Dalam kesempatan tersebut, L. Irian menyampaikan secara khusus ucapan terima kasih dan penghargaan yang setinggi-tingginya kepada para orang tua dan wali wisudawan-wisudawati. Ia mengakui bahwa peran orang tua sangat vital dalam keberhasilan pendidikan anak-anak mereka.

“Kami berterima kasih kepada para orang tua yang telah mendidik anak-anaknya dengan penuh kasih sayang dan keteladanan, serta telah mempercayakan STAI Syarif Muhammad Raha sebagai tempat menempuh pendidikan hingga memperoleh gelar sarjana. Kepercayaan itu adalah amanah yang kami jaga dengan sepenuh hati,” ucapnya.

L. Irian juga menyampaikan apresiasi kepada Kopertais Wilayah VIII, yang selama ini menjadi mitra penting dalam proses pembinaan dan peningkatan mutu akademik kampus.

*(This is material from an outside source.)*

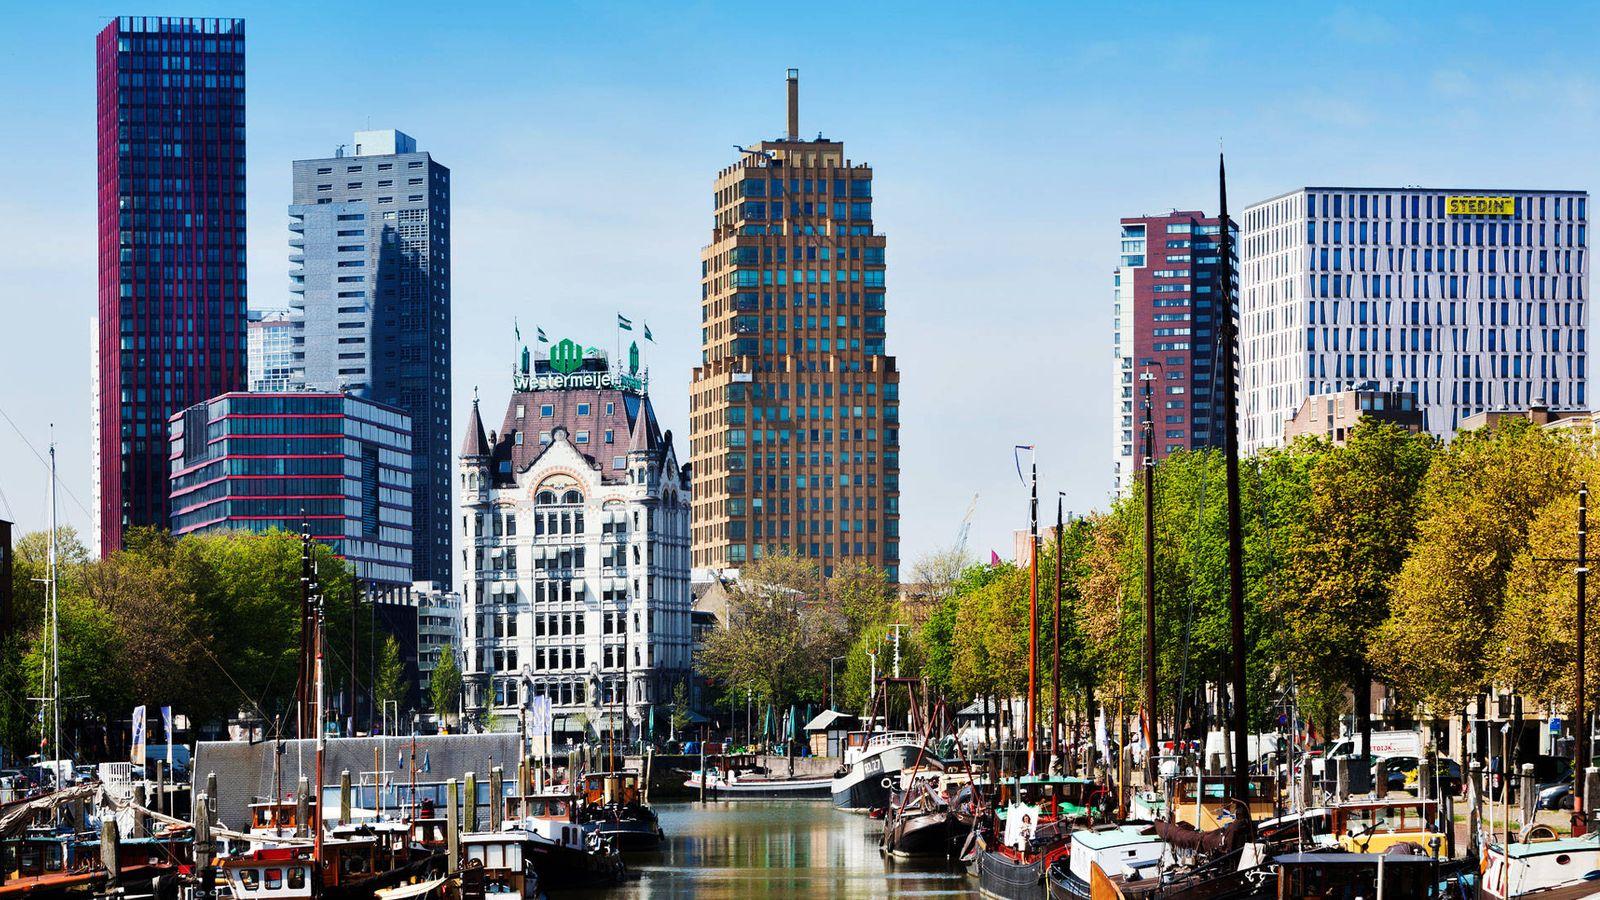 Foto: Imagen del skyline de Rotterdam. (iStock)

“Kopertais Wilayah VIII telah memberikan pelayanan dan pembinaan maksimal, menjadi pendorong utama bagi kemajuan institusi kami menuju kampus Islam yang berkualitas dan berdaya saing,” ungkapnya.

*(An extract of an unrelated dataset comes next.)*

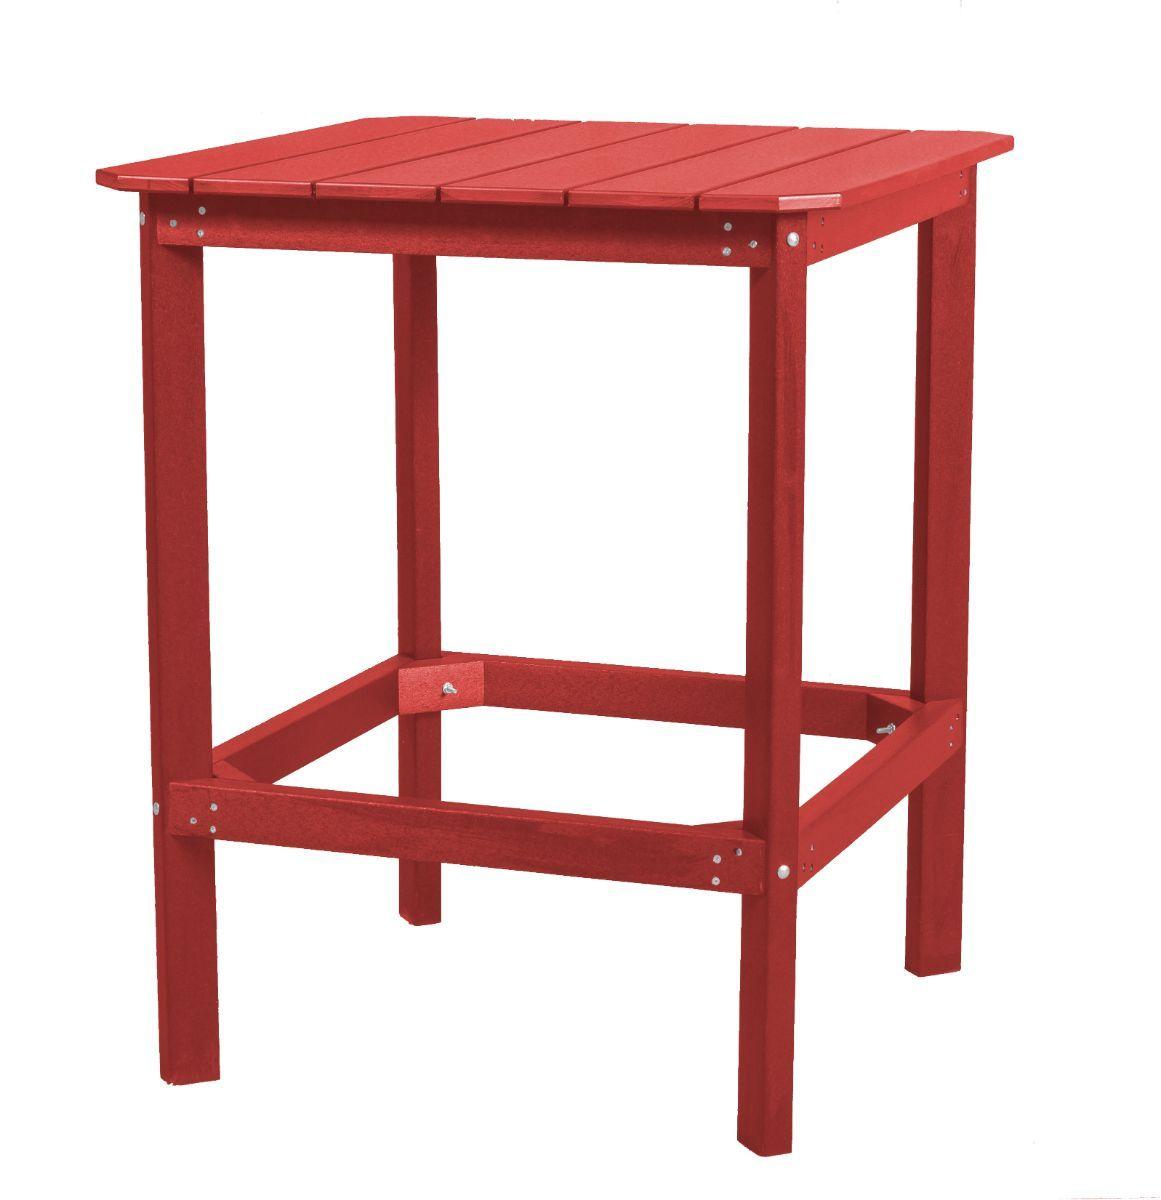 Cardinal Red Panama High Outdoor Dining Table

Di samping itu, Pemerintah Kabupaten Muna juga mendapat ucapan terima kasih atas kontribusinya dalam pengembangan kampus, terutama melalui dukungan pembebasan lahan yang kini menjadi aset resmi STAI Syarif Muhammad Raha.

“Ini adalah bentuk nyata komitmen pemerintah daerah dalam memajukan pendidikan tinggi Islam di daerah ini,” kata L. Irian.

Ucapan terima kasih juga disampaikan kepada seluruh dosen, staf, dan civitas akademika yang telah aktif menjalankan tridharma perguruan tinggi pendidikan, penelitian, dan pengabdian kepada masyarakat yang menjadi tulang punggung eksistensi kampus selama ini.

“Kita bukan hanya mendidik untuk hari ini, tapi membentuk pemimpin masa depan yang berakhlak, berilmu, dan siap menjawab tantangan zaman,” tambahnya.

Menutup sambutannya, L. Irian mengajak para wisudawan dan wisudawati untuk menjaga nama baik almamater, mengamalkan ilmu di tengah masyarakat, serta terus meningkatkan kapasitas diri di berbagai bidang.

Acara wisuda ditutup dengan penyerahan ijazah secara simbolis, dan sesi foto. Tangis haru dan senyum kebanggaan menghiasi wajah para lulusan dan orang tua mereka, yang menyaksikan buah perjuangan panjang pendidikan berbuah manis.